In previous versions of CUDA, atomicAdd was not implemented for doubles, so this is usually implemented as here . With the new CUDA 8 RC, I run into problems when I try to compile my code that includes such a function. I suppose this is due to the fact that Pascal and Compute Capability 6.0 have added their own dual version of atomicAdd, but for some reason this is incorrectly ignored for previous computing capabilities.
The code below is used to compile and work with previous versions of CUDA, but now I get this compilation error:
test.cu(3): error: function "atomicAdd(double *, double)" has already been defined
But if I remove my implementation, I get this error:
test.cu(33): error: no instance of overloaded function "atomicAdd" matches the argument list argument types are: (double *, double)
I should add that I only see this if I am compiling with -arch=sm_35 or similar. If I compile with -arch=sm_60 , I get the expected behavior, that is, only the first error and successful compilation in the second case.
Edit: Also, this is typical of atomicAdd - if I change the name, it works well.

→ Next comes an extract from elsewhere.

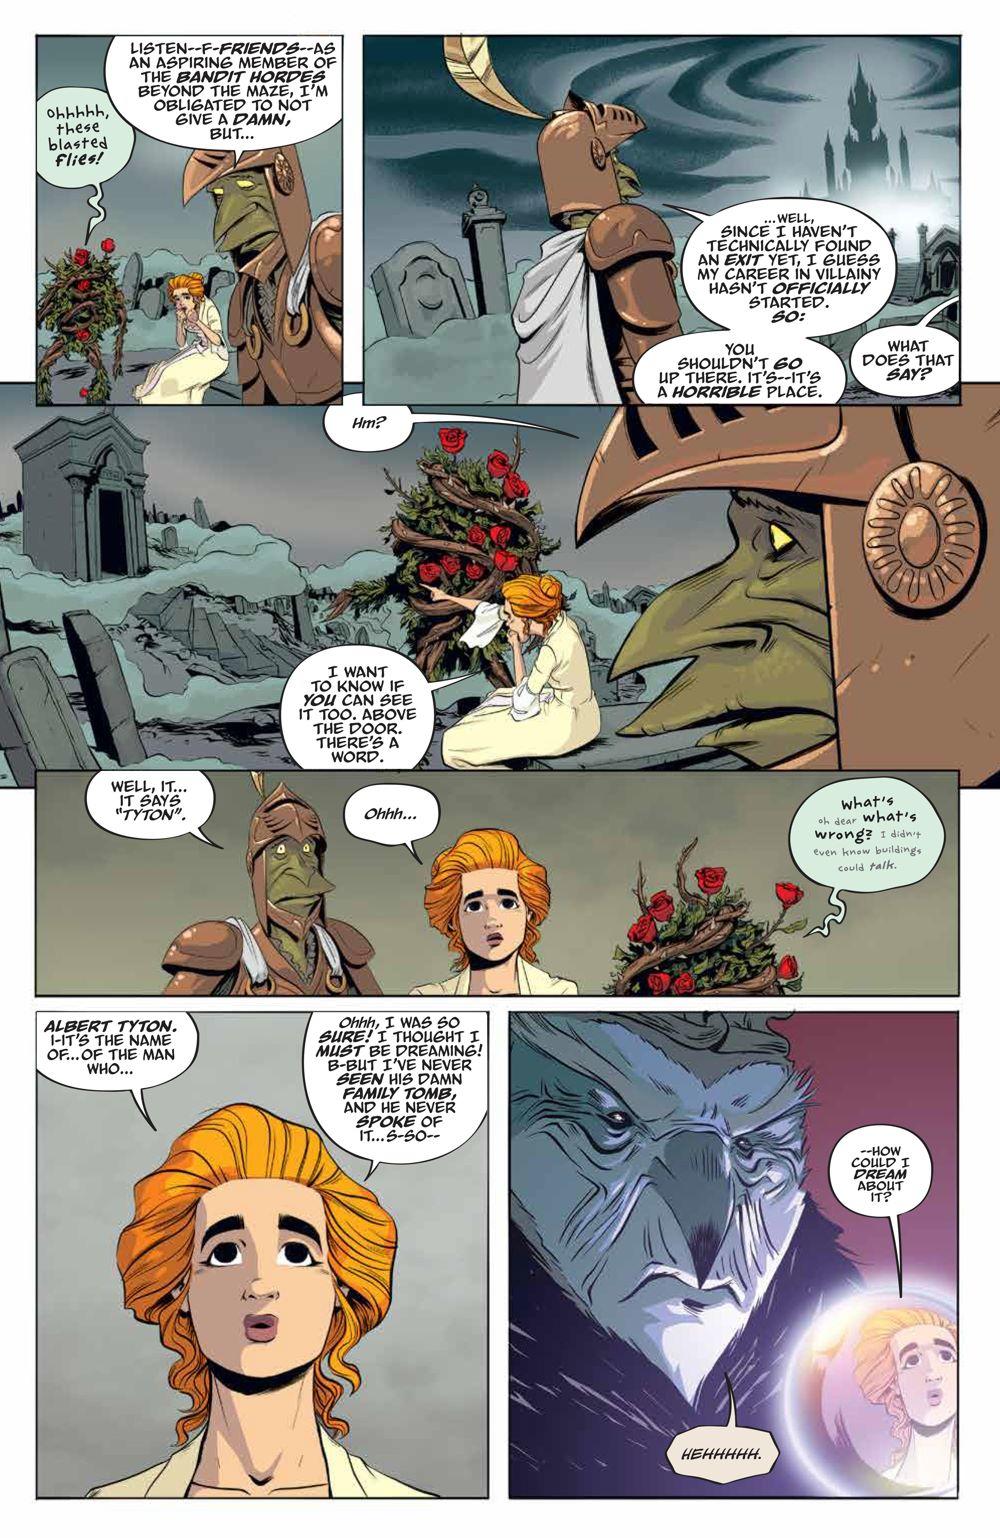 LabyrinthCoronation_v2_SC_PRESS_15 ComicList Previews: JIM HENSON'S LABYRINTH CORONATION VOLUME 2 TP

It really looks like a compiler error. Can anyone else confirm that this is so?
Code example:
__device__ double atomicAdd(double* address, double val) { unsigned long long int* address_as_ull = (unsigned long long int*)address; unsigned long long int old = *address_as_ull, assumed; do { assumed = old; old = atomicCAS(address_as_ull, assumed, __double_as_longlong(val + __longlong_as_double(assumed))); } while (assumed != old); return __longlong_as_double(old); } __global__ void kernel(double *a) { double b=1.3; atomicAdd(a,b); } int main(int argc, char **argv) { double *a; cudaMalloc(&a,sizeof(double)); kernel<<<1,1>>>(a); cudaFree(a); return 0; }
Edit: I received a response from Nvidia that recognized this problem, and here is what the developers say about it:
The sm_60 architecture, which is recently supported in CUDA 8.0, has native fp64 atomicAdd. Due to the limitations of our toolchain and the CUDA language, a declaration of this function should be present even when the code is not specially compiled for sm_60. This causes a problem in your code as you also define fp64 atomicAdd.
CUDA built-in functions, such as atomicAdd, are implementation-defined and can be changed between CUDA releases. Users should not define functions with the same names as any CUDA built-in functions. We will suggest that you rename your atomicAdd function to one that is not like any built-in CUDA functions.